Less REM sleep was linked with greater mortality risk in middle-age and older adults.
Every 5% reduction in REM sleep was tied to a 13% higher mortality rate in older men (age-adjusted HR 1.12; fully adjusted HR 1.13, 95% CI 1.08-1.19) over about 12 years, according to Eileen Leary, PhD, of Stanford University in California, and colleagues.
In a parallel analysis, middle-age women and men showed similar results (HR 1.13, 95% CI 1.08-1.19) over about 21 years, they reported in JAMA Neurology. A random forest model identified REM sleep as the most important sleep stage associated with survival.
“Sleep is a non-negotiable requirement for a happy, healthy life, yet most people undervalue its importance,” Leary said. Previous studies identified links between sleep duration and mortality, but “little was known about how the different sleep stages relate to timing or cause of death,” she added.
“Based on this study, REM sleep appears to be a reliable predictor of mortality and may have other predictive health values,” Leary told MedPage Today. “Strategies to preserve REM may influence clinical therapies and reduce mortality risk, particularly for adults with less than 15% REM.”
REM sleep is implicated in several neurologic diseases, noted Michael Jaffee, MD, of the University of Florida in Gainesville, and colleagues, in an accompanying editorial.
“Neurologists are most familiar with REM sleep because of the high prevalence of REM sleep behavior disorder and the association with neurodegenerative α-synucleinopathies,” they wrote. “Epilepsy specialists are aware that REM sleep has been implicated in the pathophysiology of sudden unexpected death in epilepsy, even though seizures exclusively in REM sleep are rare,” they continued.
“We know that REM sleep density and melatonin both decrease with age, and melatonin has been shown to be involved in the regulation and stability of REM sleep,” Jaffee and colleagues pointed out. “Since the known roles of REM sleep do not easily suggest a causal link with mortality, however, it seems more likely that REM sleep reduction is either a crude marker of health or specific disease states that decrease REM sleep may play an important role in contributing to mortality.”
In their study, Leary and colleagues looked at data from two groups: the Outcomes of Sleep Disorders in Older Men (MrOS) Sleep Study ancillary project and the Wisconsin Sleep Cohort (WSC), which was used for replication.
MrOS recruited participants from 2003 to 2005; the cohort included 2,675 men with a mean age of 76.3. WSC began in 1988 and included 1,386 individuals (54.3% men) with a mean age of 51.5. In both groups, more than 91% of participants were white.
MrOS participants had in-home baseline polysomnography; their sleep-wake patterns also were estimated with wrist actigraphy. WSC participants had lab polysomnography and no actigraphy.
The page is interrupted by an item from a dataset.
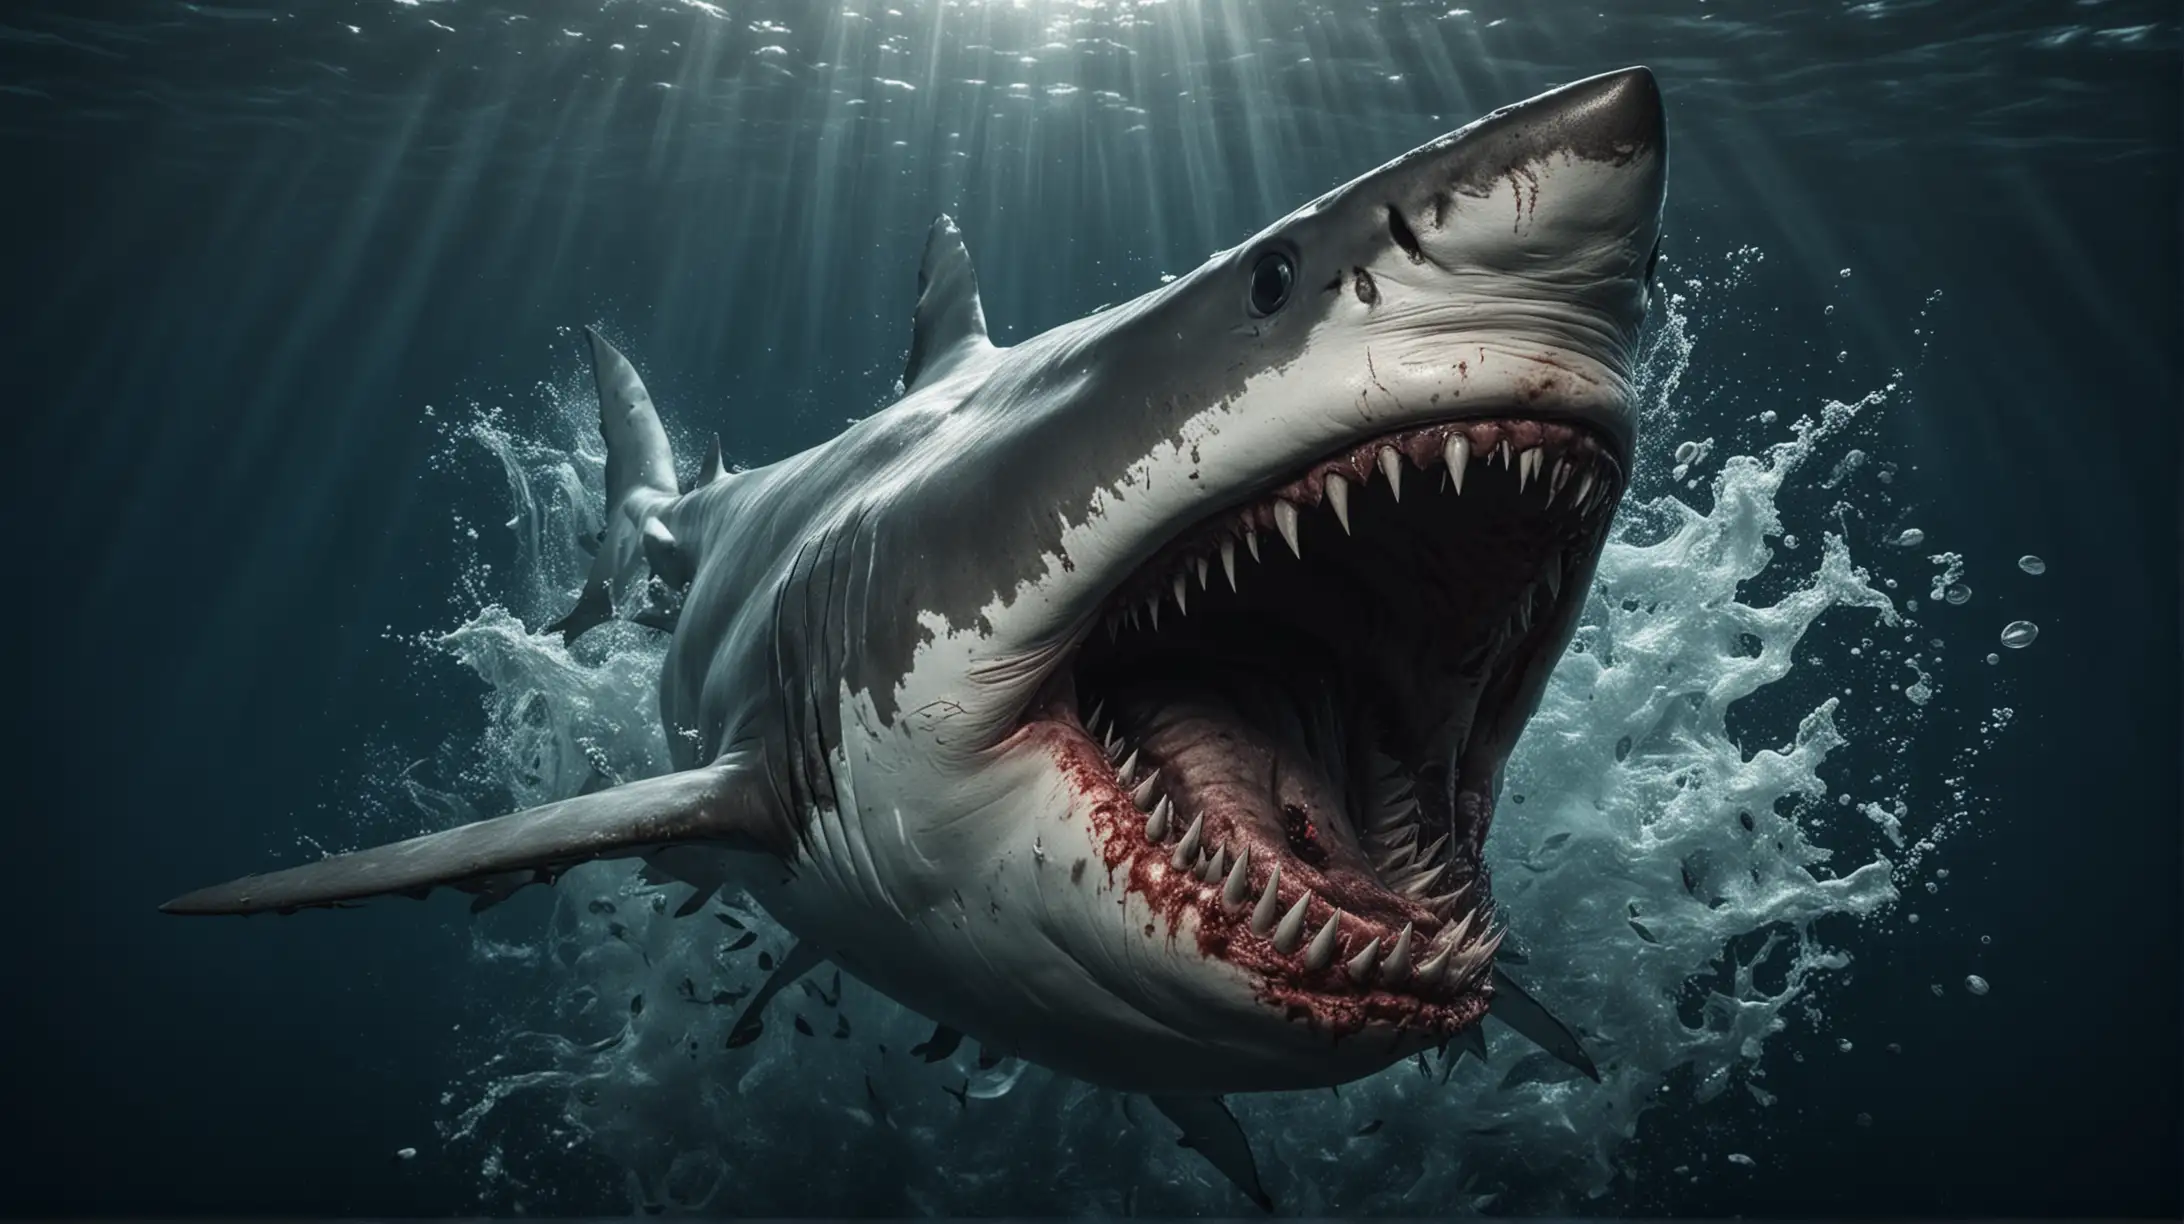 Menacing Great White Shark with RazorSharp Teeth in Deep Blue Ocean

Mortality was classified as cardiovascular, cancer, or other. In MrOS, 1,404 deaths (52.5%) were reported over a median follow-up of 12.1 years. Fewer deaths occurred in the much younger WSC sample (184 deaths; 13.3%) over a median follow-up of 20.8 years.
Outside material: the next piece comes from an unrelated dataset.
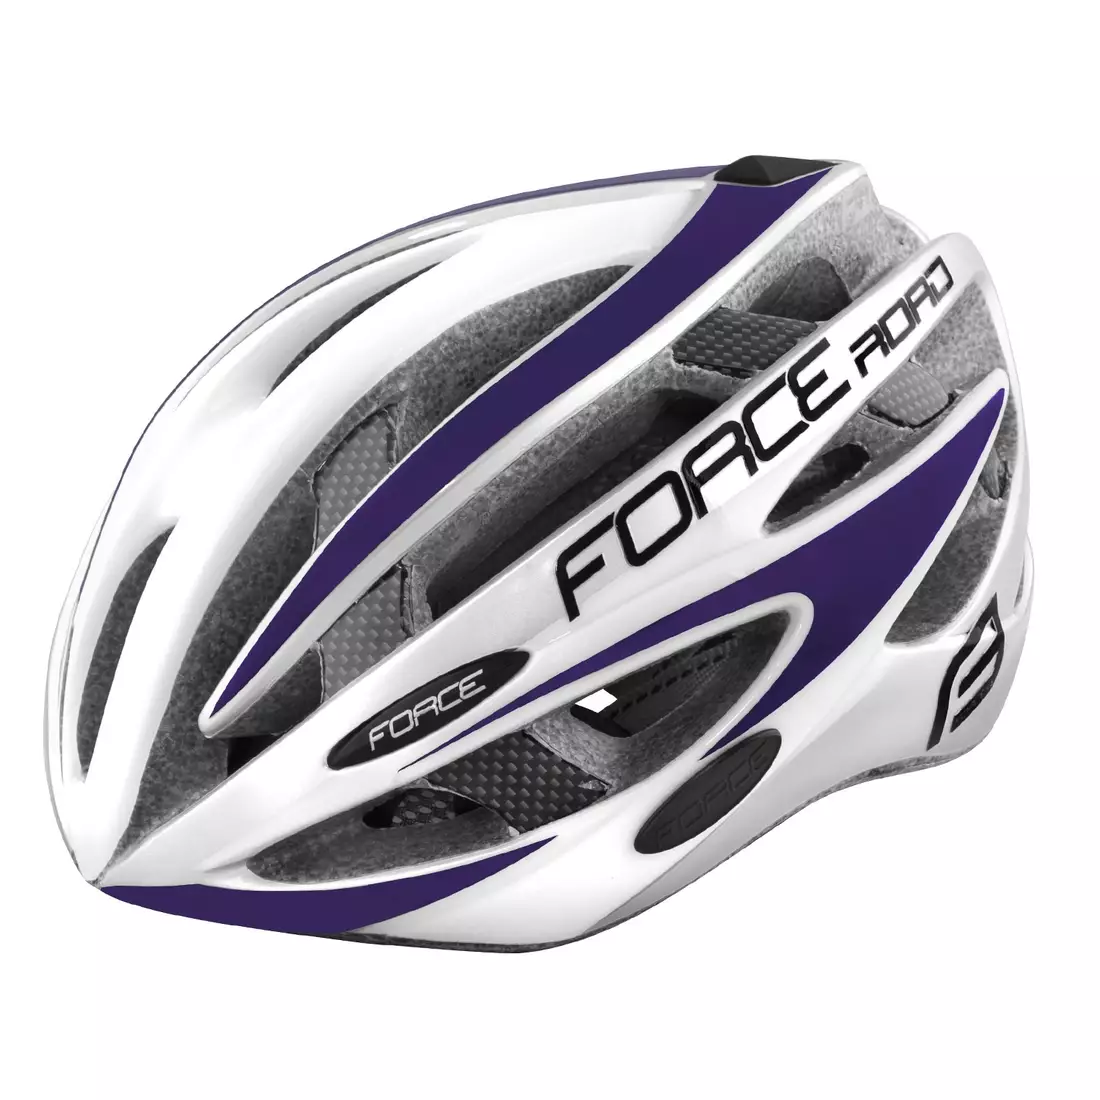 FORCE kask rowerowy ROAD white/purple 9026195

In MrOS, the relationship between all-cause mortality and REM sleep persisted for cardiovascular disease mortality (HR 1.11, 95% CI 1.02-1.20) and other mortality (HR 1.19, 95% CI 1.11-1.28), but was not significant for cancer mortality (HR 1.06, 95% CI 0.96-1.17).
For all mortality definitions, individuals in MrOS with less than 15% REM sleep had a higher mortality rate compared with individuals with 15% or more (HR range 1.20-1.35). Those in the lowest REM sleep quartile in MrOS tended to be older with higher rates of antidepressant use, hypertension, heart attack, and transient ischemic attack and had less physical activity.
Mean total sleep time actigraphy was lower than expected in MrOS. Sensitivity analyses limiting the sample to participants who slept 5 to 8 and 6 to 8 hours per night found no change in effect sizes, except cancer in the 6- to 8-hour group.
In the WSC, confidence intervals widened with smaller sample sizes (cardiovascular mortality HR 1.13, 95% CI 0.87-1.45; cancer mortality HR 1.13, 95% CI 0.91-1.40). Similar to MrOS, WSC participants in the lowest REM sleep quartile had the highest percentages of death.
The study had several limitations, including possible unmeasured and residual confounding. MrOS evaluated only older men, though replication in the WSC expanded the findings. More than 90% of both cohorts were white and REM sleep was quantified on only 2 nights of polysomnography. In addition, “accelerated brain aging may result in less REM sleep, making it a marker rather than a direct mortality risk factor,” Leary and colleagues noted.